Terri Sue was diminutive, not worthy of the “heavy roles” she wanted to take on. She also didn’t appreciate its reminder of a middle school cruelty — the boys often said “Terri Sue felt who?” A sign of the thaw between her and her mother was Lily’s decision to address Feldshuh by her chosen name.
“It brought me heroic Jewish roles that I loved on a silver platter,” Feldshuh said, but not before noting her bona fides in classical rep. She also played Shakespeare, “The Crucible” and wants to take on the title role in “King Lear.” (Life with Lily may have prepared her to deliver that “sharper than a serpent’s tooth it is to have a thankless child” line.)
Since March of last year, when she developed COVID, the “universe collaborated” to give Felshuh time to work on the book. Now fully vaccinated, she’s ready for her next role, Dr. Ruth Westheimer in “Becoming Dr. Ruth” at the North Coast Repertory Theatre. She’s arranged a consult later in the week to ask Westheimer if she wore a wedding ring, observe her walk and see the good doctor’s collection of turtles.
“Do you know that turtles have no predators?” Feldshuh asks, her voice a chipper Teutonic lilt known to anyone who has heard Westheimer on WNYC. “So they have innocent energy and they are the symbol for longevity in certain cultures — longevity and strength — and it was a turtle on the back of Matilda, the one doll, she took with her from Frankfurt, and put in her little suitcase when she was 10 on the Kindertransport.”
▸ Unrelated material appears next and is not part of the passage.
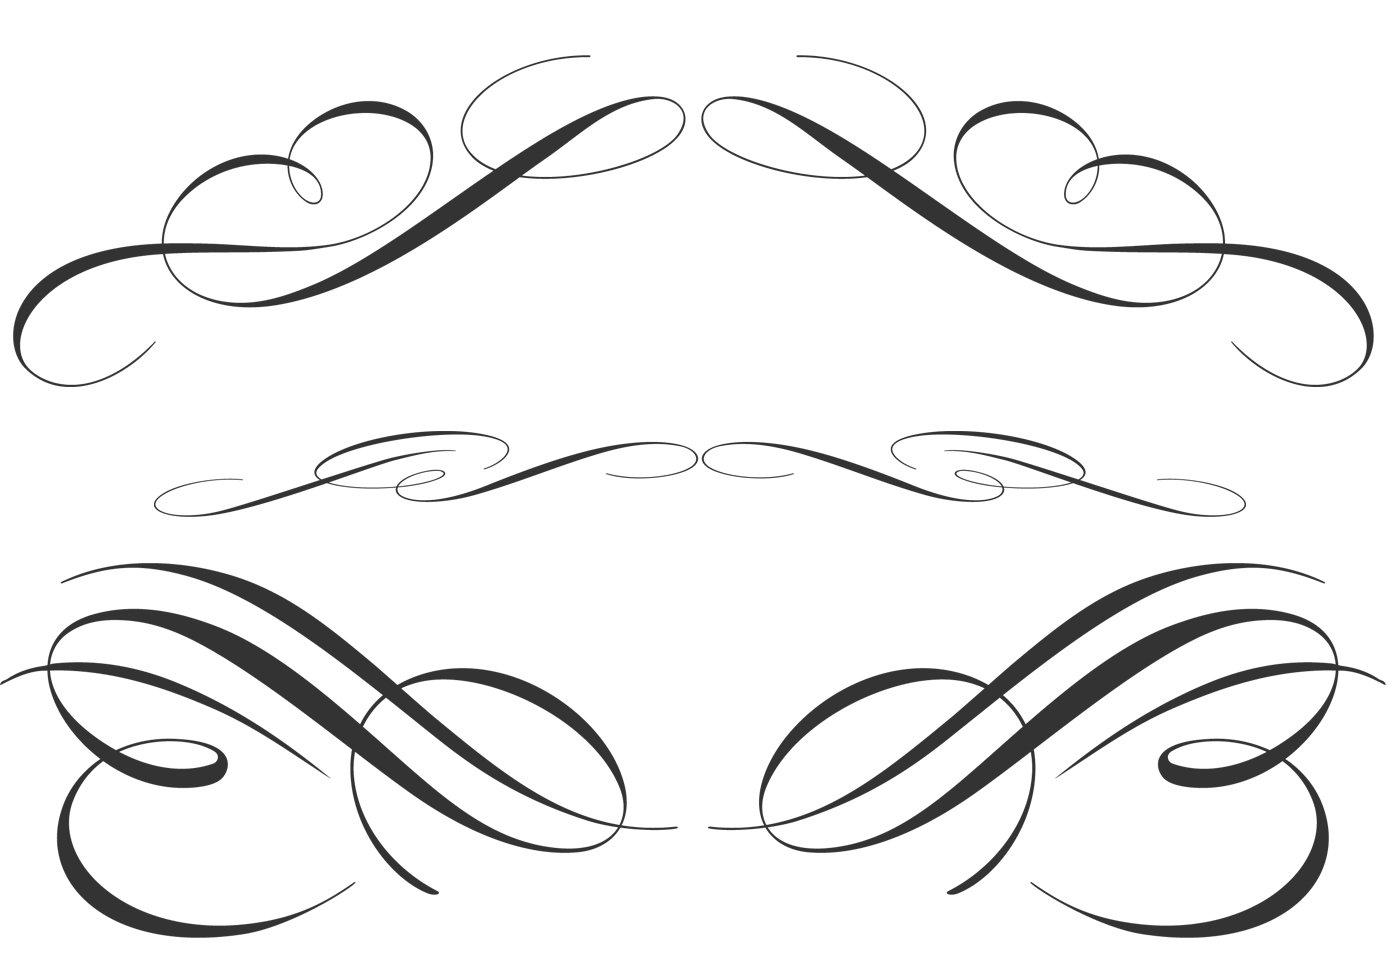 Free Calligraphic Ornament Brushes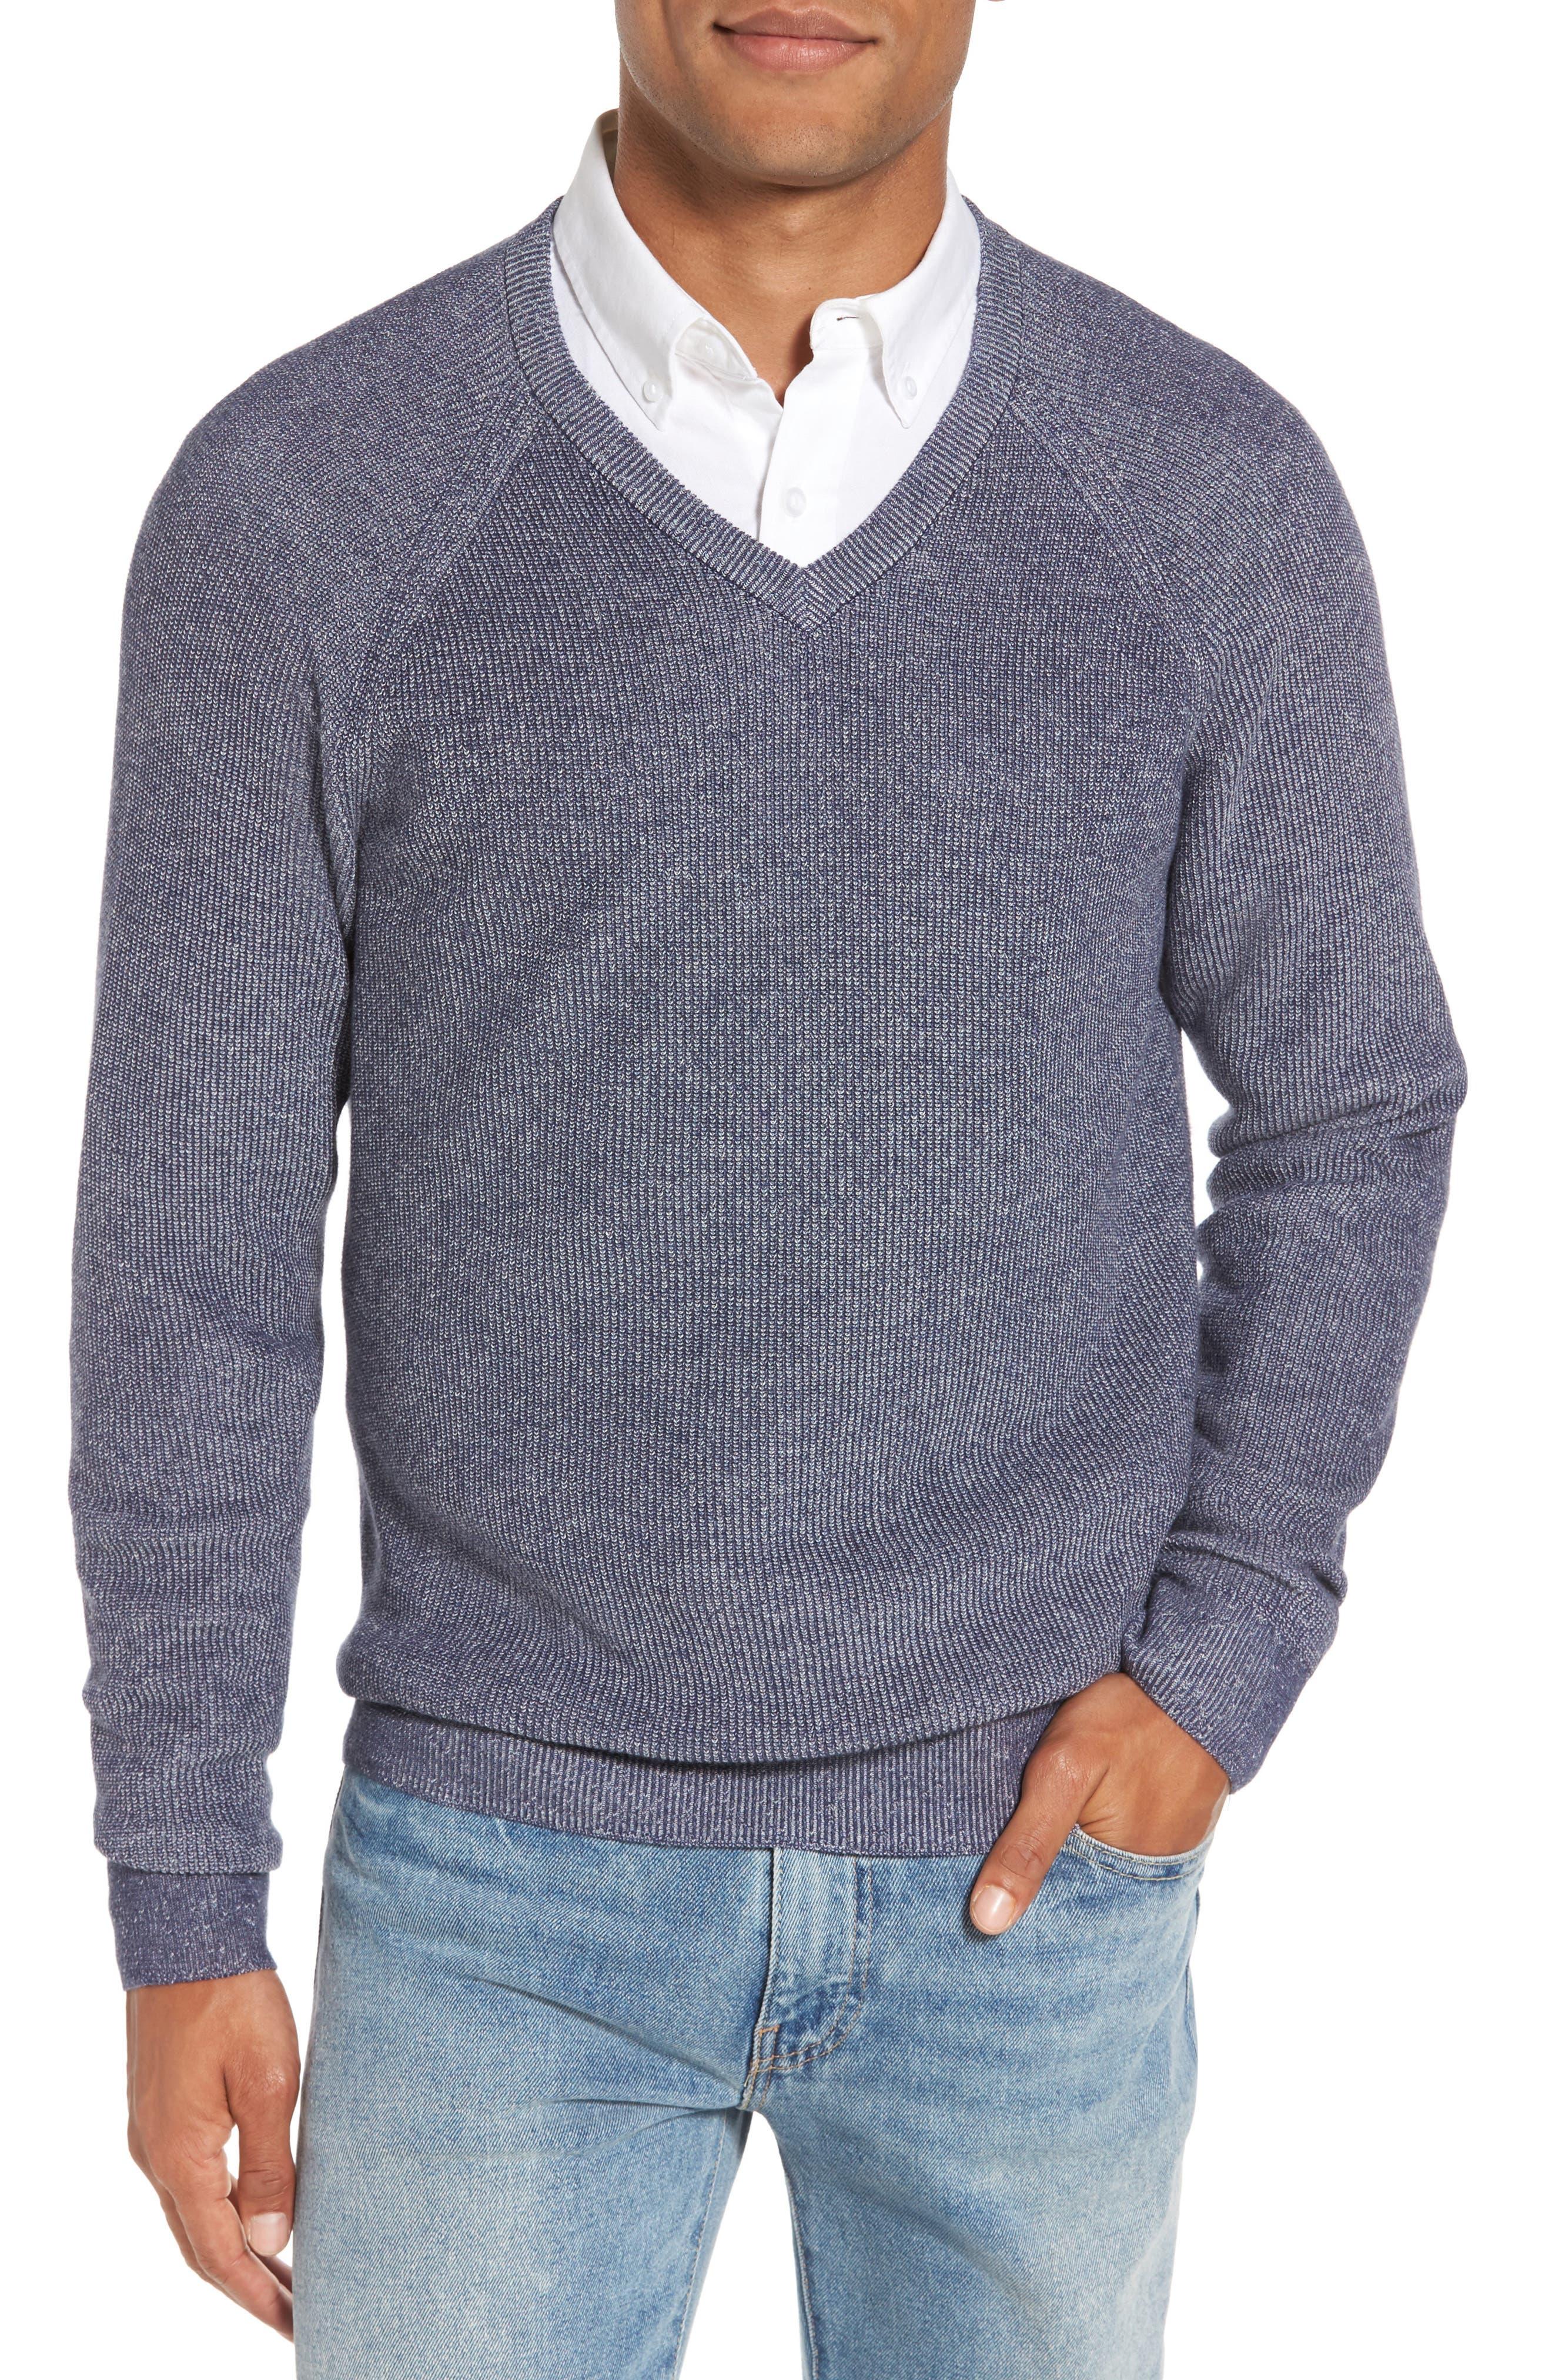 Alternate Image 1 Selected - Nordstrom Men's Shop Supima® Cotton V-Neck Sweater

Feldshuh has also kept busy filming a concert at Birdland and, filling Lily’s position as matriarch, leading Zoom Shabbats accompanied by classical piano. But she has a grander plan in mind, a part you could say she’s been preparing for her whole life.
“I have written a pitch document to make ‘Lilyville’ a TV series,” Feldshuh said, noting she’d like to play both parts, but would be open to Keri Russell for her younger self if networks don’t want to be quite so experimental.
“I will love playing Lily, because Lily’s got all the punchlines,” said Feldshuh. “And I find it very freeing to become her because then I get to spend time with Lily, even though she’s gone now.”